Work on Thăng Long Bridge began on 26 November 1974 under a Chinese-supported design, but halted in 1978 when Chinese aid was withdrawn. At that time, the structure was only ≈20% complete. In June 1979, the Soviet Union resumed the project under an Vietnam–Soviet agreement dated 3 November 1978, supplying materials and expertise. The bridge was completed and inaugurated on 9 May 1985, after nearly 11 years of construction.

== Technical specifications ==
The Thăng Long Bridge is a two-level structure designed for both railway and roadway traffic. Its superstructure consists of steel girders for the main spans and prestressed reinforced concrete girders for the approach spans.

=== Load design ===
- Railway load: Designed for a C12-class train.
- Motor vehicle load: Designed for H30–HK80 vehicle convoys.
- Light vehicle/bicycle lanes: Uniform load of 400 kg/m² or a single 13-ton vehicle.
- Pedestrian load: 300 kg/m².
- Navigational clearance: Ensures safe passage for 3,000-ton vessels at +11.10 m water level.

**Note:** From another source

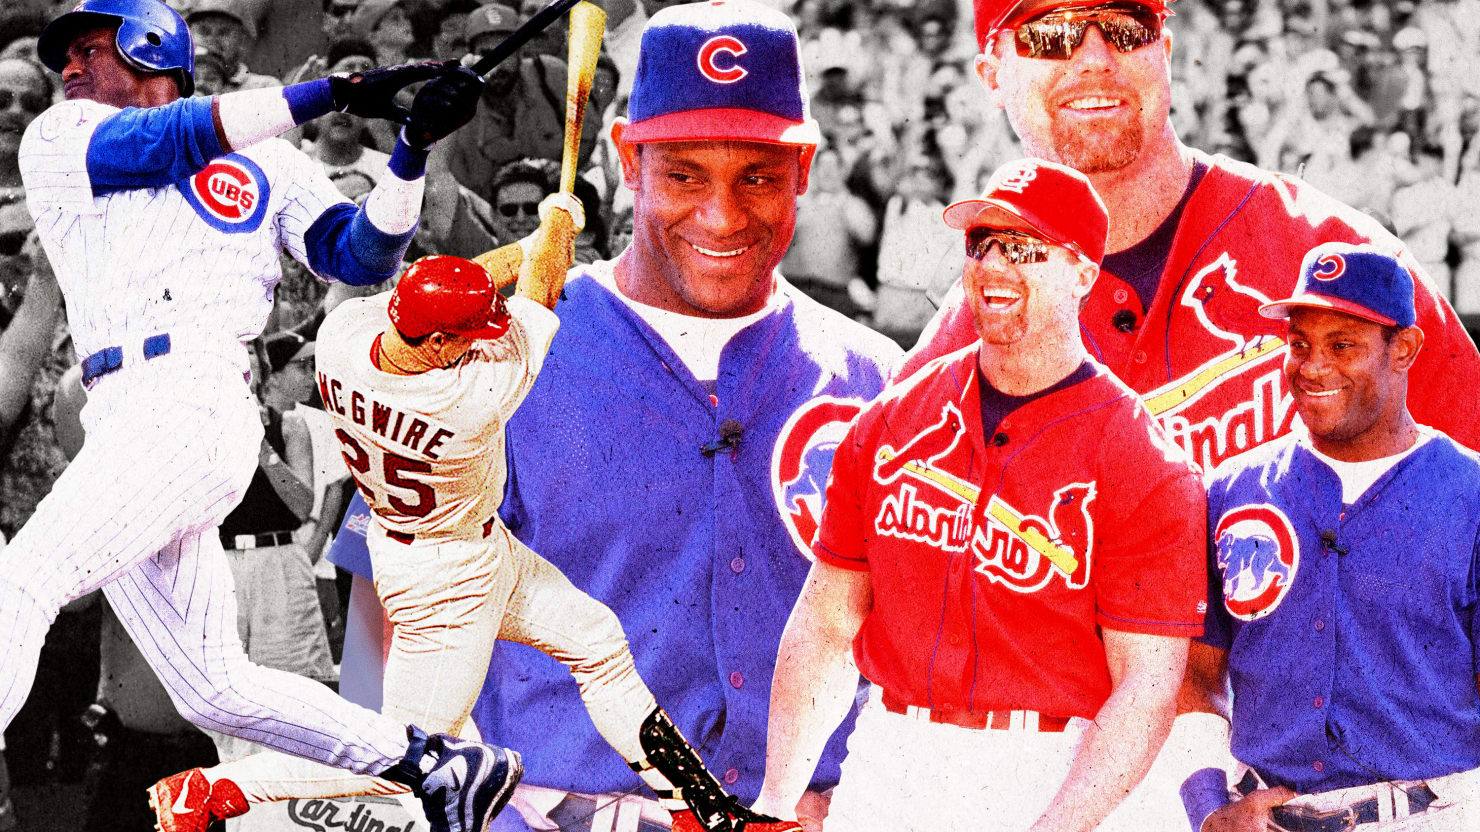 Mark McGwire on baseball's steroid era — 'I wish I was never a part of it

=== Structure and dimensions ===
- Main bridge (spanning the Red River):
  - Length: 1,688 m
  - Structure: 15 continuous steel girder spans
  - Each girder unit: 3 spans × 112 m
  - Supported by 14 piers and 2 abutments, each pier containing ~10,000 m³ of concrete
  - Total: 5 continuous girder units

- Lower deck – Railway
  - Total length: 5,503.3 m
  - Deck width: 17 m
  - Rail: Two tracks – one standard gauge (1.435 m), one meter gauge (1.0 m)
  - Each side includes a 3.5 m lane for light vehicles
  - Vertical clearance from upper to lower deck: 14.10 m
  - Approach spans: 116 prestressed concrete girders, each 33 m long (53 north, 63 south)

- Upper deck – Roadway
  - Total length: 3,116 m
  - Deck width: 19.5 m, including:
    - 16.5 m for four lanes of vehicles
    - Two sidewalks, each 1.5 m wide
  - Superstructure: 6,500 tons of orthotropic steel plates, 14 mm thick
  - Reinforced with longitudinal and transverse stiffeners
  - Welds: Over 30 km of automated welds inspected via ultrasonic and X-ray testing (first used in Vietnam)
  - Approach spans: 43 prestressed concrete girders, 33 m each (22 north, 21 south)

- Light vehicle access
  - Total length: 2,658.42 m
  - Includes 29 additional approach spans (14 north, 15 south) and side lanes on lower deck

=== Materials and construction ===
- Concrete volume: 230,000 m³
- Structural steel: 53,294 tons
- Precast girders: 946 units, each weighing 54–130 tons
- Prestressed spun piles: 110,000 m of Ø550 mm piles

===Technical upgrades and usage===
In 2009, the bridge underwent a major refurbishment phase, including the replacement of expansion joints, repainting, and application of ultra-high-performance concrete overlays.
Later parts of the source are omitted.